A Vulnerabilidade da Economia Brasileira

 

 charles tang photo 3 so rosto

Autor: Charles Tang

/ Publicado por:  Jornal “Folha de S. Paulo”, Coluna Tendências e Debates,

/ Data: segunda-feira, 27 de outubro de 2008.

 

- Há pouco, a euforia com o surto de crescimento da economia brasileira somada ao descobrimento dos campos de petróleo fazia acreditar que o Brasil estava blindado contra as mazelas que se revelavam na economia mundial. Chegou-se a pensar que seríamos novamente uma ilha de prosperidade em um mundo em recessão, o que, de fato, havia acontecido por breve período durante a fase do “milagre econômico brasileiro” dos anos 70, quando a economia brasileira crescia mais do que a chinesa atual.

Havia muito para o Brasil celebrar. A demanda chinesa fez com que nossa dívida externa fosse quase toda paga e nossas reservas em divisas atingissem a marca de US$ 200 bilhões. A transferência de renda aumentou a inclusão social, e os investimentos decorrentes do aquecimento econômico fizeram crescer a nossa classe média.

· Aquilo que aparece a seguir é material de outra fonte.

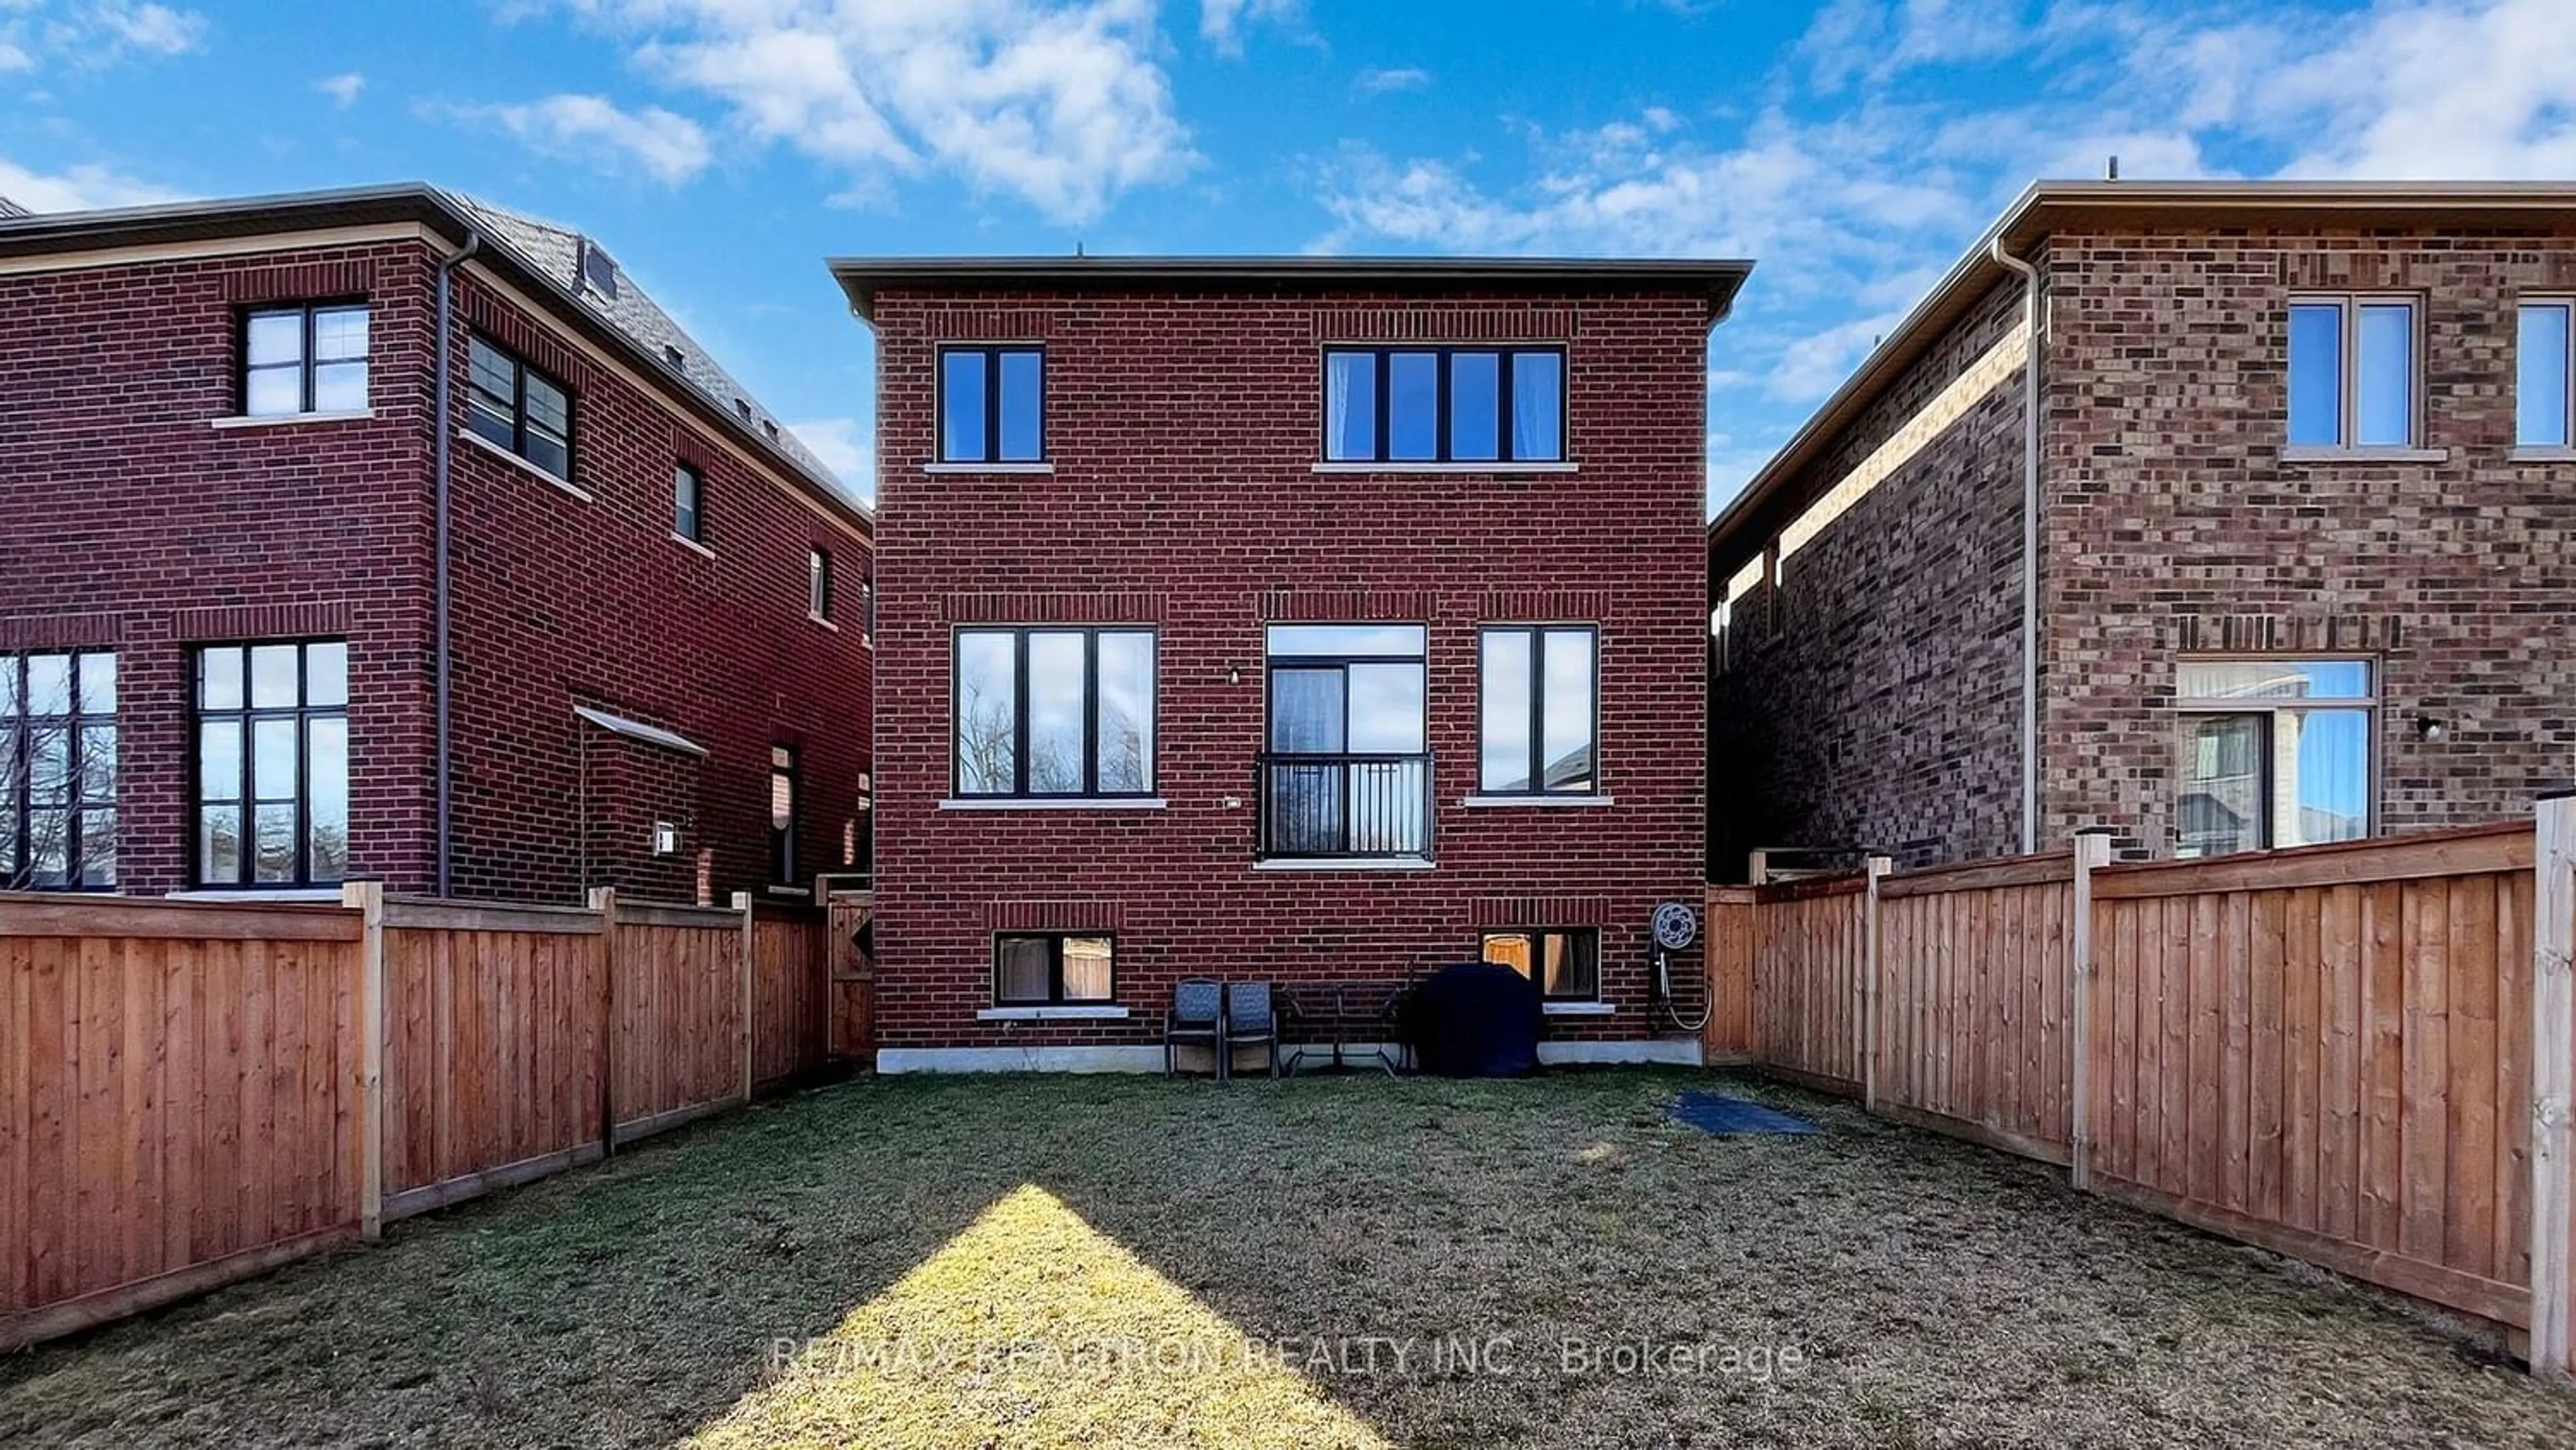 Home with brick exterior material for 127 Spofford Dr, Whitchurch-Stouffville Ontario L4A 4P7

Atingimos o grau de investimento e ainda fomos abençoados com o bônus da descoberta de reservas gigantescas de petróleo no pré-sal. A liberação generosa de créditos agrícolas promoveu a ampliação das áreas plantadas e a demanda de um mundo carente de alimentos contribuiria ainda mais para as reservas do país.

Todavia, a falta de um plano para a nação, bem como de um planejamento estratégico de curto, médio e longo prazos, aliada a uma necessária reestruturação da nossa economia, fez com que aproveitássemos pouco – e mal – o período de prosperidade da economia mundial.

Não há como criar uma nação próspera e moderna sem plano e sem planejamento. Deixamos passar a fase de bonança mundial para criar as defesas que poderiam proteger nosso país desta crise financeira que se alastra e se aprofunda a cada dia.

Sem um rumo definido, fomos beneficiados pela economia mundial em ascensão. Agora, estamos esperando que se revele o destino para o qual as ondas negativas nos levarão. O pouco que nosso país tem crescido se deve mais à teimosia do povo empreendedor que a influências do Estado, que consome 40% da riqueza nacional.

Acordamos para a realidade com a velocidade que vimos se evaporar a nossa poupança em ações e a acelerada desvalorização da moeda. Enquanto nações como EUA, China e outras agressivamente adotavam políticas de estímulo econômico com juros baixos e câmbio favorável para fazer frente à recessão mundial, nosso otimismo fez com que agíssemos na contramão do bom-senso econômico.

Diante de uma das mais severas recessões mundiais, aumentamos a taxa de juros, e mantivemos nosso câmbio em situação desfavorável até que as circunstâncias forçaram a desvalorização do real.

Com a nossa desorganização econômica, as reservas de petróleo descobertas serão insuficientes para desenvolver a nação. Convém lembrar que países como Venezuela, Irã, e outros continuam em situação de subdesenvolvimento, apesar das grandes reservas de petróleo. Da mesma maneira, vimos nações se enriquecerem em curto prazo sem grandes reservas de riquezas naturais, como a China, Japão e demais “tigres asiáticos”.

Nada substitui a organização econômica de um país. Mercantilismo, o caminho da riqueza dos “tigres asiáticos” e da China deverá ser o modelo adaptado para o Brasil.

O atual processo de recessão, com a crise sistêmica do setor bancário e da economia global, tem tudo para se transformar em uma profunda e prolongada depressão mundial. E já estamos vendo essa queda contagiar nossas commodities, cuja exportação tanto nos rendeu nesses últimos anos e que iria blindar o Brasil.

O sistema do laissez faire, de Adam Smith, pregado para o mundo como a fórmula sagrada para a prosperidade, ora revela suas limitações. A socialização dos prejuízos de Wall Street e a estatização total, ou parcial, de quase todas as entidades financeiras chocaram a opinião pública norte-americana. A intervenção de governos na economia, mais chegada às teorias do Keynes, e que se aproxima da direção planejada dos “tigres asiáticos” e da China, deve ora ser vista pelo mundo por uma nova ótica. O capitalismo, da forma praticada, deixará de existir.

Agora temos que nos livrar do modelo econômico de pobreza, que sempre abafou nosso crescimento com taxas de juros exorbitantes. O câmbio desfavorável, o sistema de entraves, a velha legislação trabalhista, a falta de plano e planejamento, fazem parte do nosso modelo de pobreza.

Enquanto a China conseguiu promover a inclusão econômica e social de 480 milhões de habitantes em 25 anos, nossos bolsões de miséria se mantêm. E a moeda chinesa, que flutua de acordo com uma cesta de moedas, se manteve estável nesta crise.